I agree with everything else you said, but... the area a modern, 50-100 megaton H-bomb takes out is considerable. I'm posting in Philadelphia; if someone did an airburst of a major nuke in the middle of New Jersey, they'd take out Philly, New York, and all the suburbanites around; New Haven would probably be an uncomfortable place to be, too. A bomb targeted at a city is going to take out much more than just that city.
Fatalities would probably be much higher than 50% per city in the event of a global war; the complete breakdown of almost all social supports means that not only do the injured or buried have just about no chance of getting aid, but anyone in a big city is going to start getting really hungry pretty soon. Few big cities have as much as three day's food supplies or a day's water in stock; with the electricity out, bridges down, roads a mess, things on fire, water pipes wrecked, and the like, the basic tools of survival are going to get pretty rare. FEMA isn't going to be much help as they've been blown up too, so...
As for missiles working... well, the missiles have certainly been tested a lot with no payload, and they seem pretty reliable. Many are the same ones used for space launches- the Titan series, for instance- and they launch on target about 95% of the time. The bombs have been tested quite a bit on deserted islands and such. Admittedly, the bombs and the missiles haven't been tested in concert, but that seems like a pretty simple rig-up to me.
However, for the A-team scenario to work, they would need to land on the asteroid, get into a gunfight with drug dealers who live there. In the ensuing firefight they expend 5000 rounds of ammunition with no casualties, and then get captured.

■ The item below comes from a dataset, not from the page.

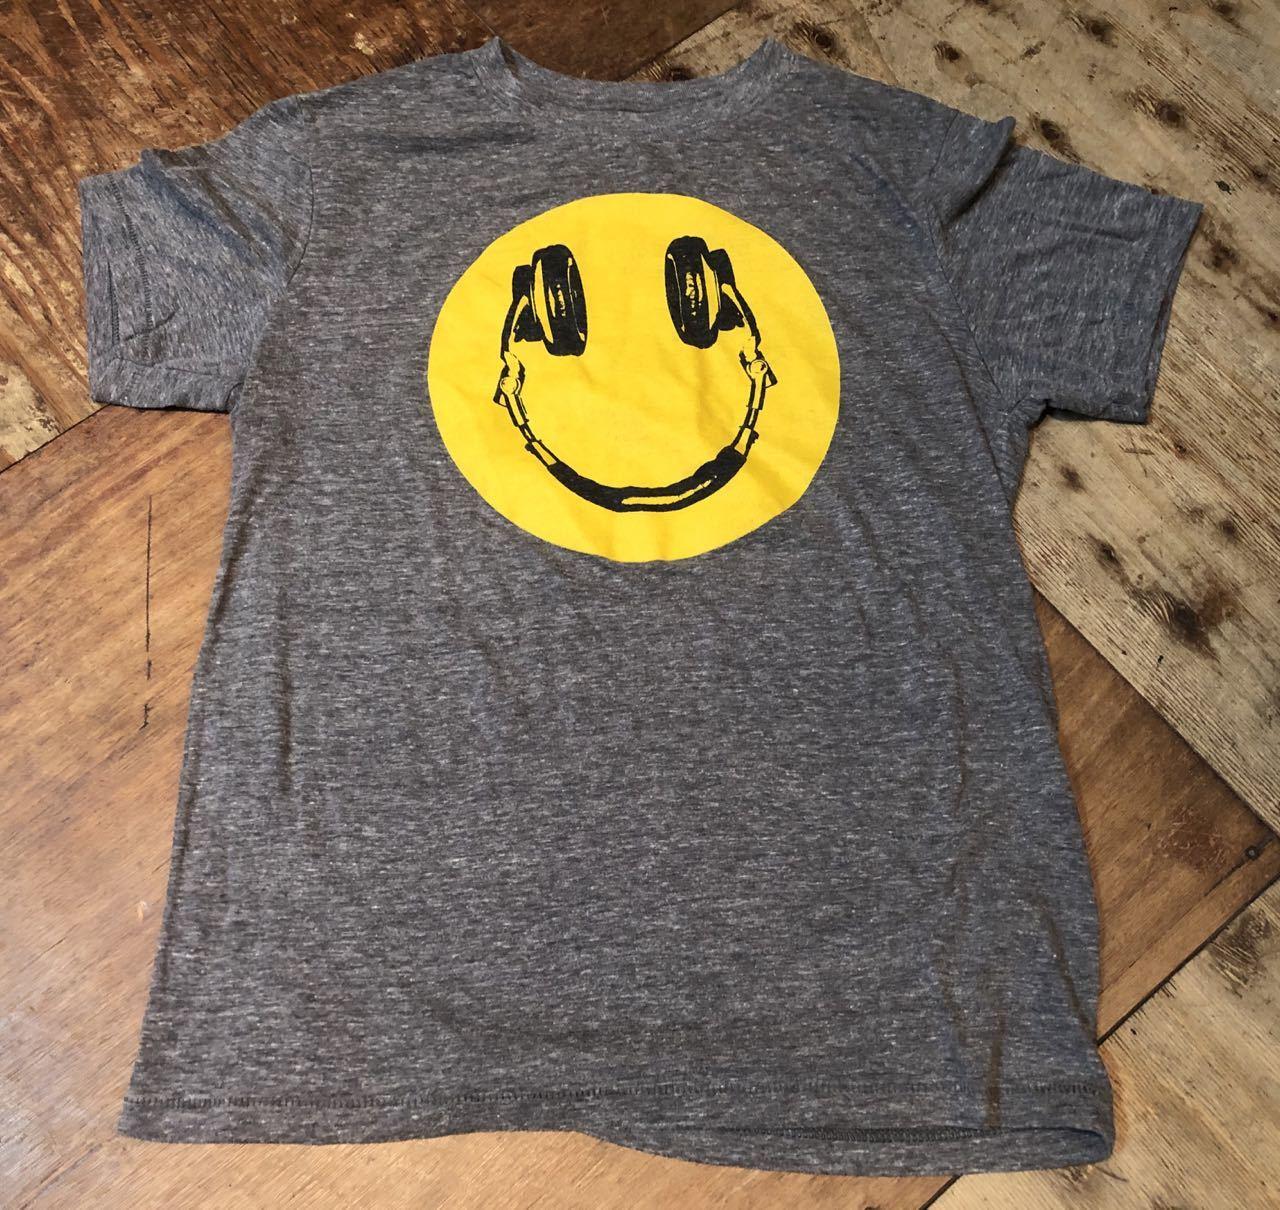 6月25日(木)入荷! smile スマイル ヘッドフォン Tシャツ!_c0144020_13200122.jpg
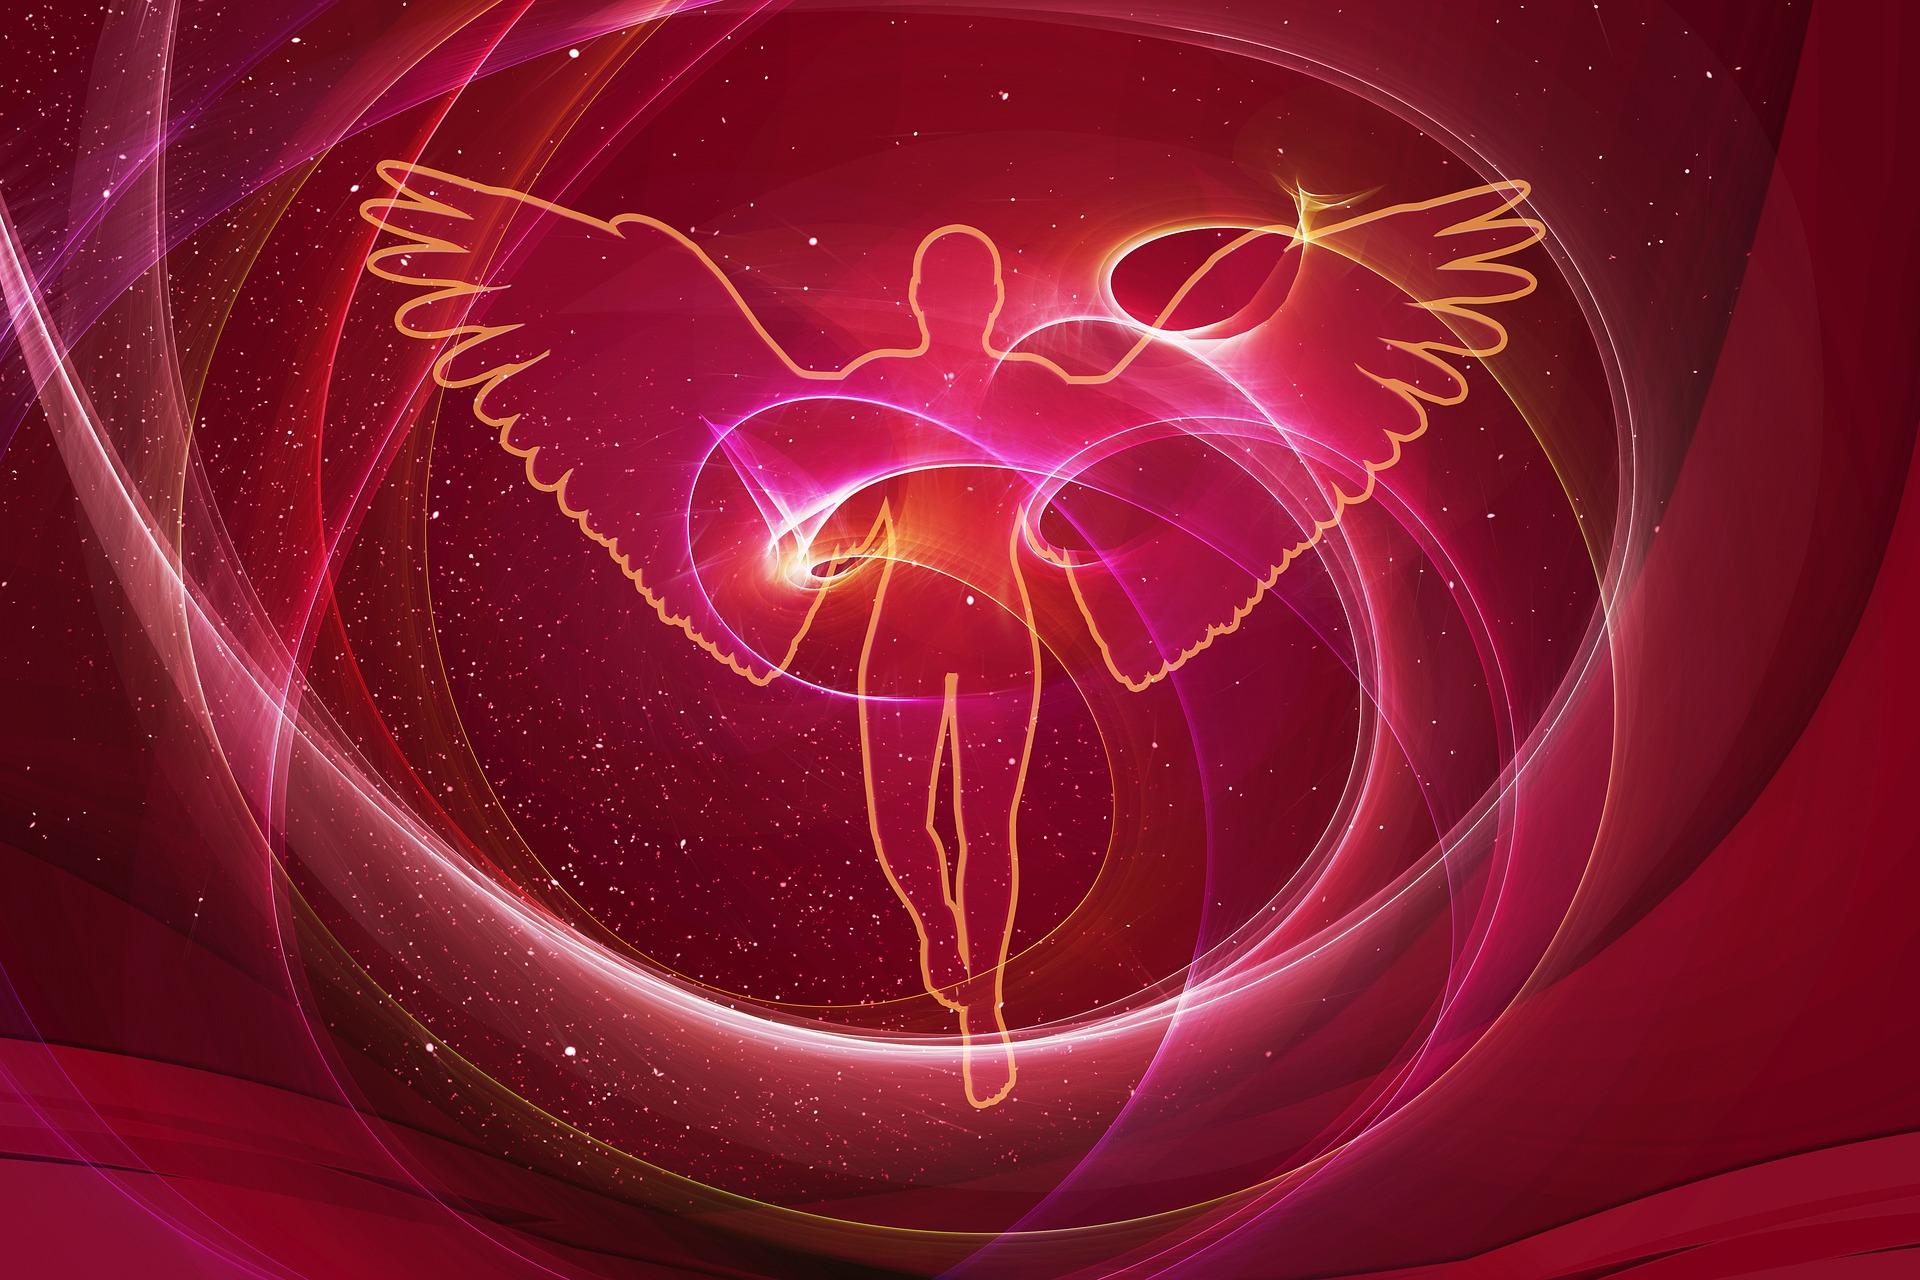 bien être - Les Anges Gardiens

The fate of the world would then rest on the fact that they villains conveniently lock up our heroes in a fully equipped workshop come asteroid-destroying-nuclear-bomb-factory. The team escape (another 500 rounds ammo: no casualties), blow up the asteroid (villains tied up in the back of the spaceship so no casualties there).
The story ends with Hannibal saying: 'I like it when a plan comes together' followed by the predictable 'Shut up fool ' from Mr T. No wait a minute I forgot, they'll also have to knock Mr T out for the return journey, I pity the fool who has to do that.
Mr Churchill, If I was your wife I would put poison in your tea! Madam, If I was your Husband I would drink it!
Because the moon hoax is not even considered worthy of consideration by any astronomer worthy of the title.
1) In a vacuum, or near vacuum, stars cannot appear in the same picture as a high-albedo object in direct sunlight unless they are edited in later. The film would have been instantly identified as a hoax if there actually were stars in the background.
2) The flag waves because of the kinetic energy imparted to the material when the astronauts are putting it in the ground.
3) The flag is held upright by a metal rod. Using the metal rod to hold the flag up was actually a controversial issue for a while, but it was decided that a sagging American flag would look pretty sad.
4) Most importantly, you don't need the Subaru telescope to see if the flag is on the surface of the moon. The Russian government would have jumped at the chance to point out such an obvious hoax, and the Cold War ended long after telescopes powerful enough to verify (or not!) the landing site were easily available to a large government. If it were all a hoax, we would have found out a long time ago.
5) It would have been a fairly easy and straightforward task to detect the origin of the video/radio signals being broadcast. Even if the Russians didn't have decent telescopes in their posession, they would have been able to triangulate the origin of the signals, just as America verified that Sputnik was actually sending out radio signals from orbit.
Anything I missed? I didn't pay any attention to the stuff they aired on TV, and I responded to the things I keep hearing people talk about.